The City of Malibu hired Yocum along with Greg Hisel, retired LACFD assistant fire chief, in May. Yocum said the department intended for the hires to increase the city’s proactivity in fire preparedness, and he appreciates the city government’s response to the Woolsey Fire.
“I’ve been pretty impressed, because the education [the city of Malibu is] trying to show folks, the free programs, the money that will be available to some residents to mitigate these issues; they’re actually doing quite a bit,” Yocum said. “It’s not if, but when the next fire comes, they’re doing what they need to do. You can always do more, but they’re going in the right direction.”
The problem is not wildfires in general, Yocum said. The problem is their interaction with people, which has increased alongside Malibu’s population over the past 30 years. Yocum said when people started moving and building homes in Malibu, they unintentionally created more fuel for wildfires as a byproduct.
“When you build a home and it’s made of wood, that’s also a fuel source,” Yocum said. “When [people] started moving in, they started planting high-fire hazard type plants: palms, acacia, eucalyptus, pines. It just made it worse.”
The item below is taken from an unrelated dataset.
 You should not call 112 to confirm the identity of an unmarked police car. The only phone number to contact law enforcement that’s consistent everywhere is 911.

Pepperdine is no stranger to these wildfires: At least five wildfires have impacted the Malibu campus since 1993, according to Pepperdine’s emergency information website. The exact amount of money Pepperdine has spent on fire prevention and wildfire-related damages is unclear because Chief Operating Officer Phil Phillips declined to respond to emailed questions.
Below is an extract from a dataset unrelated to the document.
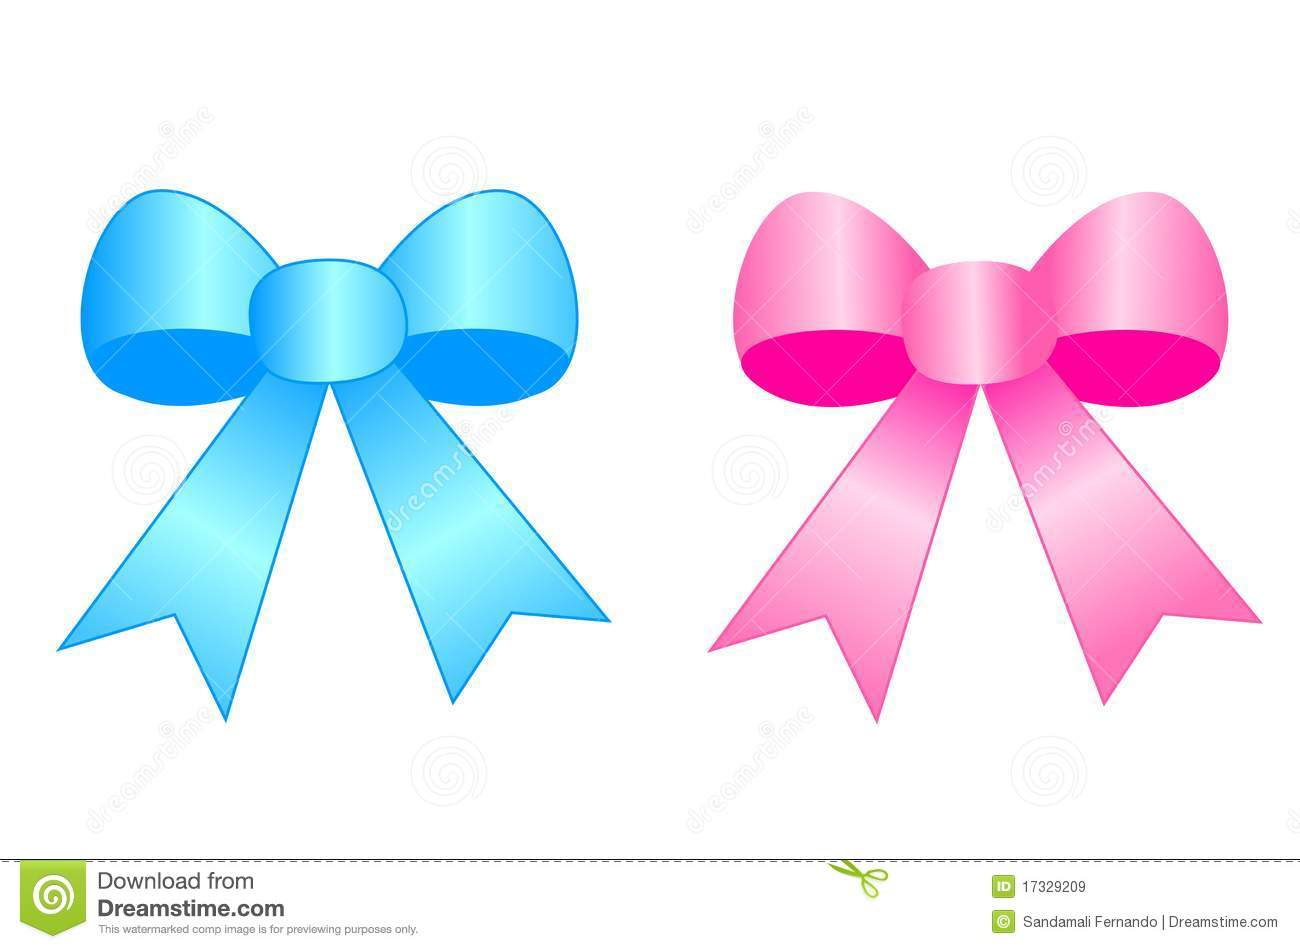 Bow   Bows Royalty Free Stock Images   Image  17329209

The Graphic seeks to conduct real-time interviews (either in-person, on the phone or on Zoom) for all stories. Real-time interviews allow reporters to seek clarity and context to better understand a subject. In some cases, the Graphic will use email responses for data, abroad travel, breaking news with a small comment needed, medical leave, leaves of absence or on a case-by-case basis. The Graphic will reach out to a source multiple times to schedule an interview, but they may not respond or decline to comment.
Pepperdine utilizes a shelter-in-place policy during wildfires, which the LACFD reviews annually. Stephens said the Caf was still open during the Woolsey Fire, which made the ordeal more bearable.
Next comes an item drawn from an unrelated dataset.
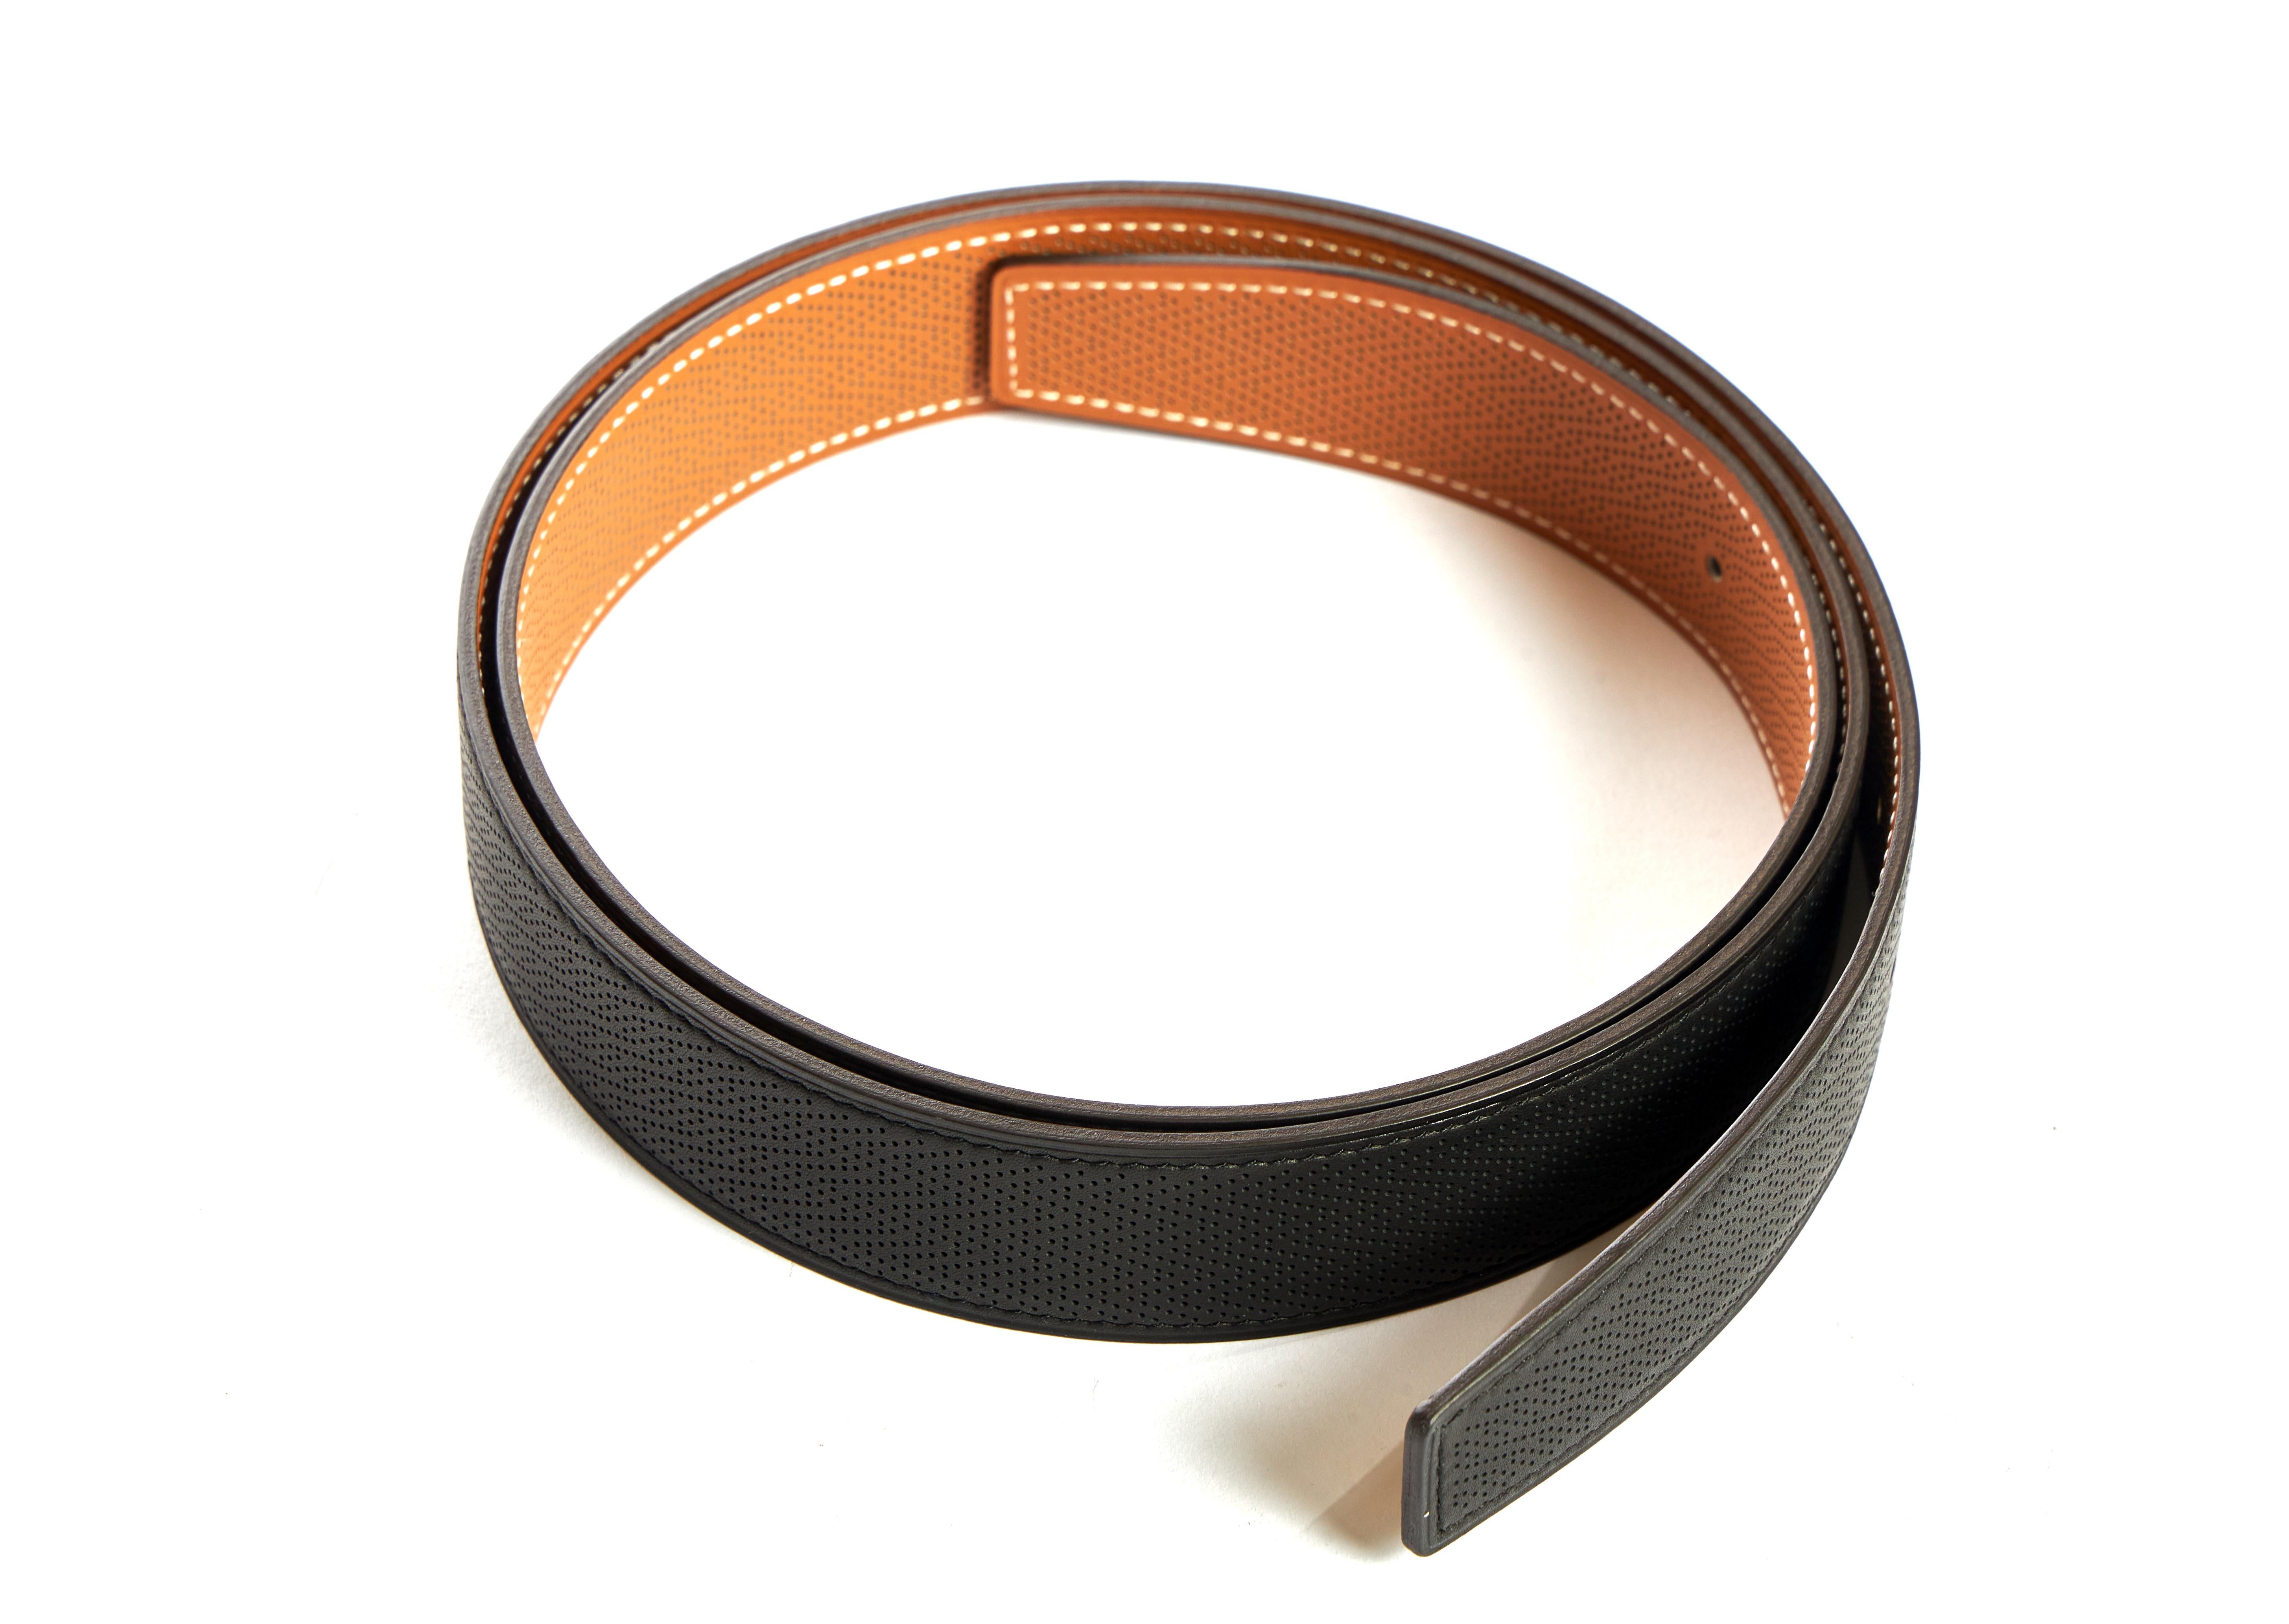 Hermès brand new limited edition reversible leather strap for medium 32mm H belt. Black and gold perforated leather. 100cm. Comes with original box.

“They were great at keeping all of us kind of calm, keeping us in like a sense of, ‘Oh, we’re being fed, we’re being taken care of,’” Stephens said.
Education As a Solution
Thinking back to November 2018, Stephens said hers and her peers’ experiences with the Woolsey Fire made the seemingly-remote impacts of climate change feel all too close.
“If you want to put a positive spin on it, it was a great educational opportunity to kind of bring to light this larger issue of climate change,” Stephens said.
Fighting wildfires starts years before they have burned a single acre, Yocum said. To prepare, students and young people need to learn that wildfires are burning more frequently and longer due to climate change.
“Education is paramount,” Yocum said. “Those are the folks that are going to be managing our forests, managing our cities, managing communities. They’re going to want to know how to handle these things.”
Doran said he agrees more education is needed, and that Pepperdine needs to be more direct in its language with regard to climate change.
“When our Center for Sustainability website says, ‘We have an open dialogue on climate change and sustainability,’ and uses this kind of code language, it seems to me that we’re not doing our best job in saying that all the science is as accurate as it can be, and so we should be treating this deadly seriously,” Doran said. “There’s a missed opportunity, considering our public-facing website doesn’t even talk about this issue.”
Doran said progress will look like more students being educated on sustainability and sound like more direct language from Pepperdine regarding climate change.
When progress is made, Holmlund said, it is vital to recognize and appreciate it.
“It’s also really important to celebrate steps in the right direction,” Holmlund said. “It doesn’t have to be an all or nothing. We’re not going to give up just because we can’t stop it tomorrow, right? We celebrate steps in the right direction and continue to work for progress.”